Foto: Karl-Josef Hildenbrand/ dpa

In den wenigen Tagen als Bayern-Trainer scheint Pep Guardiola bereits eines geschafft zu haben: seine Prinzipien durchzusetzen, auch gegen Widerstände. Er installierte ein 4-1-4-1-System mit absoluter Offensive, viel Zonenverteidigung, feste Positionen scheint es kaum noch zu geben. "Mein System ist sehr einfach: Rennen, rennen, rennen mit dem Ball, und elf Spieler helfen", sagt der Bayern-Trainer.

Blickdichter Trainingsplatz

Den nun im Raum stehenden möglichen Thiago-Transfer fädelte Guardiola ein, mit freundlicher Unterstützung seines Bruders Pere, der nicht nur sein Berater ist, sondern auch der Thiagos. Und das entgegen der Meinung des Bayern-Vorstands, der Pep Guardiola den Dortmunder Jungstar Mario Götze erst schmackhaft machen musste und sich nun einer neuen Situation gegenübersieht.

Guardiola verfügte zudem, dass etwa die Hälfte der Trainingseinheiten in Arco nicht für die Öffentlichkeit zugänglich war. Der Trainingsplatz der Bayern an der Säbener Straße wird blickdicht gemacht, vor Spielen darf künftig wohl niemand mehr zuschauen, erst danach. All diese Maßnahmen und sein forderndes, von Anspruchsdenken geprägtes Auftreten werden Guardiola nicht nur Freunde bringen.

Es kommt ein Mann zum Champions-League-Gewinner, der viel Macht und Einfluss hat im Fußballgeschäft. Weil er lange Zeit Spieler und Trainer Barcelonas war und nicht zuletzt durch seinen Bruder exzellente Kontakte hat. Der außerdem ziemlich genau weiß, was er will. Und was nicht.

Hoeneß angeschlagen, Rummenigge reibt sich auf

Dazu kommt, dass die Hierarchien im Verein nicht mehr so klar ausgeprägt sind wie in den vergangenen Jahren. Präsident Uli Hoeneß ist wegen seiner Steueraffäre extrem angeschlagen, Vorstandschef Karl-Heinz Rummenigge leistet sich ermüdende Sticheleien mit Dortmunds Geschäftsführer Hans-Joachim Watzke. Sportdirektor Matthias Sammer muss seine Rolle bei den Bayern neu definieren. Er hat selbst gesagt, dass er sein Augenmerk bislang zu wenig auf die eigene Jugendabteilung gelegt habe und besser mit den Talenten kommuniziert werden müsse.

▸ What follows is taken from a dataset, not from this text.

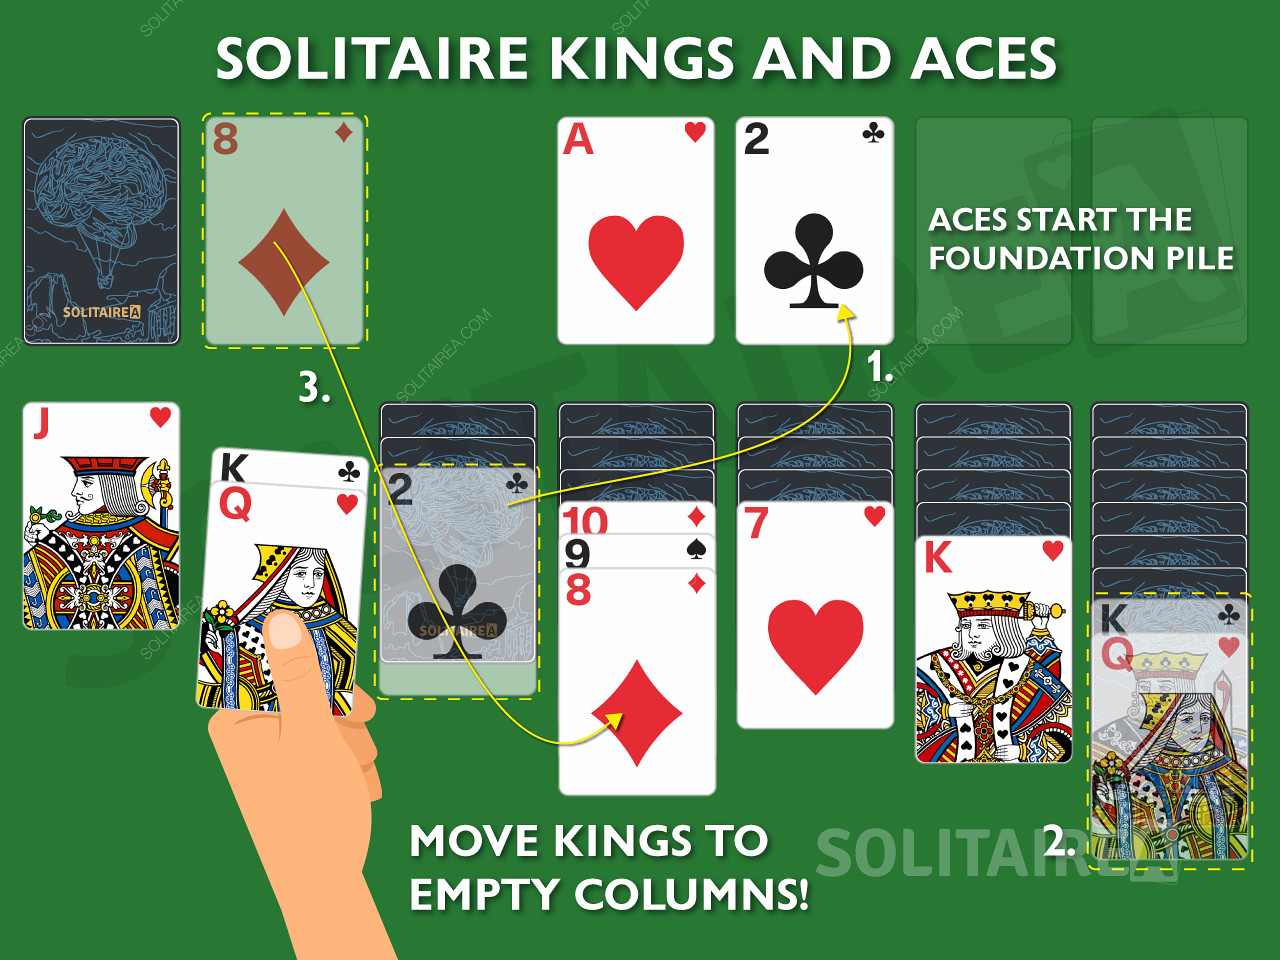 Os Reis e os Ases são cartas importantes no Solitário, uma vez que lhes são permitidas jogadas únicas.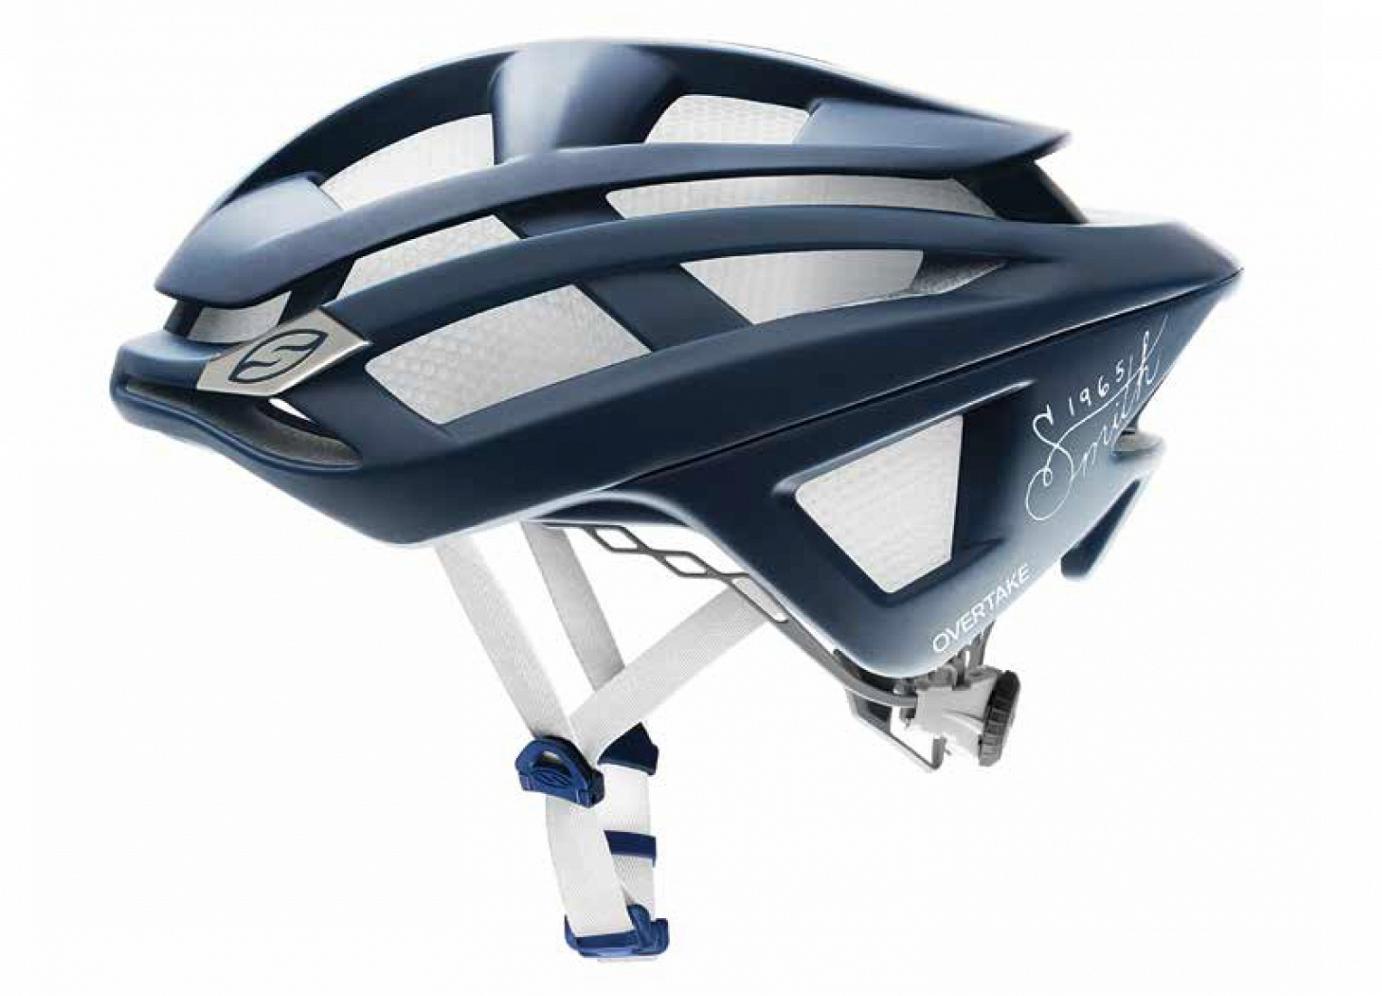 CapoVelo.com - Smith to Launch New Overtake Helmet

Über den neuen Trainer sagte Sammer: "Die Tradition der Mannschaft und Pep Guardiolas Ideen prallen aufeinander." Zwei Welten also. Guardiola findet die Zusammenarbeit mit Sammer "sehr, sehr gut. Ich arbeite ohne Probleme mit ihm, er ist ein Superprofi, ein guter Mensch und er hat große Erfahrung in der Bundesliga".

Das klingt professionell, aber nicht vertraut. Man könnte es auch so lesen: Wenn Guardiola Sammers Hilfe braucht, dann nimmt er sie in Anspruch. Wenn er es selbst besser weiß, lässt er es sein. Das könnte häufiger passieren, als es Sammer lieb ist. Und es würde hervorragend passen zur neuen Autarkie im System Guardiola.